LOS ANGELES — The Lutheran Evangelical Church of America (ELCA) has elected its first-ever openly homosexual bishop.
The vote occurred on Friday in Woodland Hills, California, where R. Guy Erwin received 210 of the 381 votes cast on the sixth ballot during the three-day assembly. Erwin’s election was announced by the denomination in a press release, noting that he is “ELCA’s first synod bishop who is gay and in a partnered relationship.”
Erwin will oversee the Southwest California Synod, which covers Los Angeles and the surrounding area.
“The ELCA is a church that belongs to Christ, and in it there is a place for all,” stated spokeswoman Melissa Ramirez Cooper. “The election of Pastor Erwin illustrates what many in the 4 million-member church believe: that God calls each of us by name.”
Erwin currently leads Faith Lutheran Church in Canoga Park, California and is also a professor of Lutheran Confessional Theology at California Lutheran University in Thousand Oaks, California. He is additionally the ELCA representative to the Faith and Order Commission of the World Council of Churches, and is noted as being the first Native American bishop in the denomination.
“I know that many will see my election as a significant milestone for both LGBT people and Native Americans, and I pray that I can be a positive representation for both communities,” Erwin told the homosexual advocacy group GLAAD. “There was a time when I believed that I would not be able to serve as a pastor in the ELCA. Our church has now recognized the God-given gifts and abilities that LGBT people can bring to the denomination.”
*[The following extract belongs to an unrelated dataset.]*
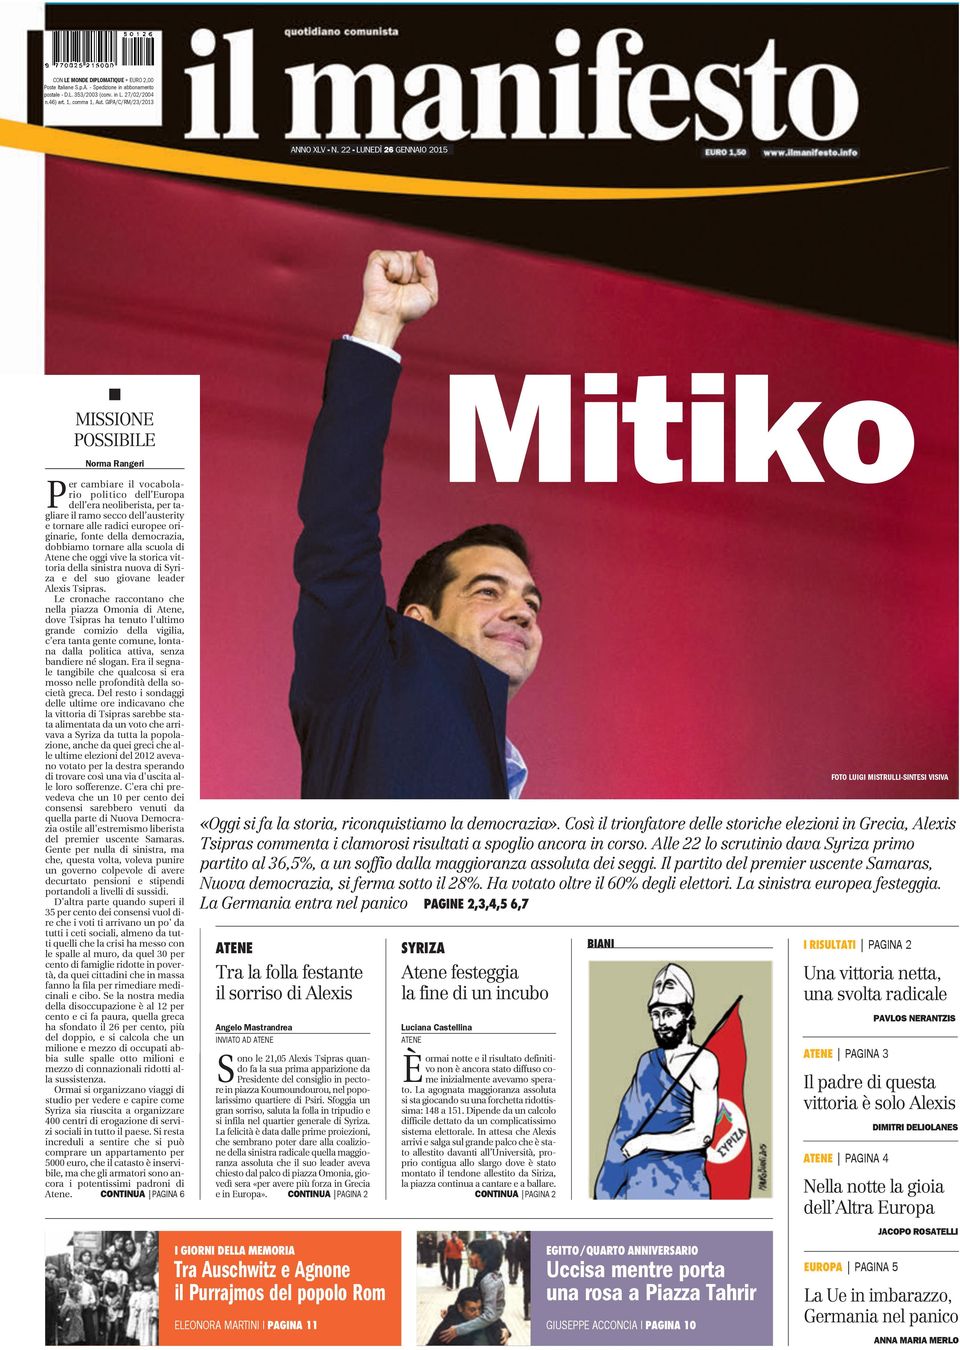 europee originarie, fonte della democrazia, dobbiamo tornare alla scuola di Atene che oggi vive la storica vittoria della sinistra nuova di Syriza e del suo giovane leader Alexis Tsipras.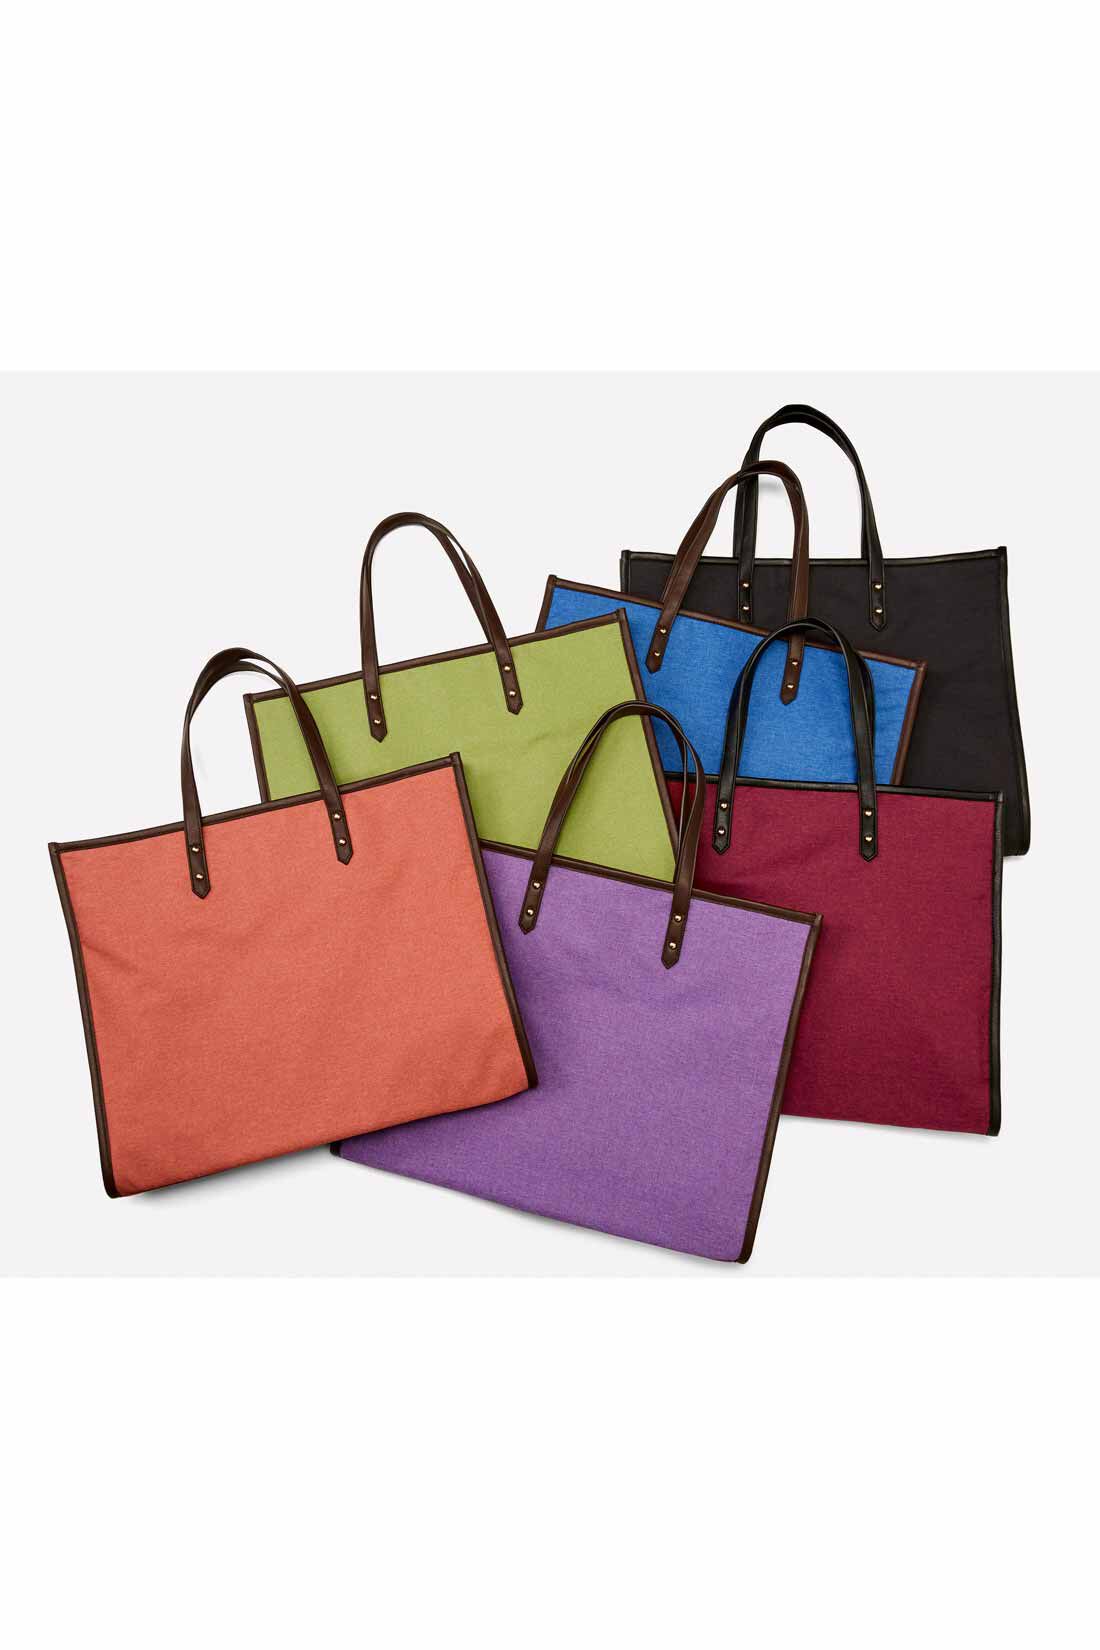 OSYAIRO|OSYAIRO ジャンボうちわが入るパイピングトートバッグ〈パープル〉|カラーは6色。あなたの推しカラーで選んでくださいね。

His bio states that he believes he brings to the position a “deep faith in Christ’s presence in his church lived out in 20 years of parish experience blended with university and seminary-level teaching.”
The ELCA voted in 2009 to allow homosexual clergy, which has resulted in over 600 churches parting ways with the denomination.
“The vice of the sodomites is an unparalleled enormity,” Lutheran founder Martin Luther once stated, according to Ewald Martin Plass’ book What Luther Says: An Anthology. “It departs from the natural passion and desire, planted into nature by God, according to which the male has a passionate desire for the female. Sodomy craves what is entirely contrary to nature.”
“Whence comes this perversion? Without a doubt it comes from the devil,” he continued. “After a man has once turned aside from the fear of God, the devil puts such great pressure upon his nature that he extinguishes the fire of natural desire and stirs up another, which is contrary to nature.”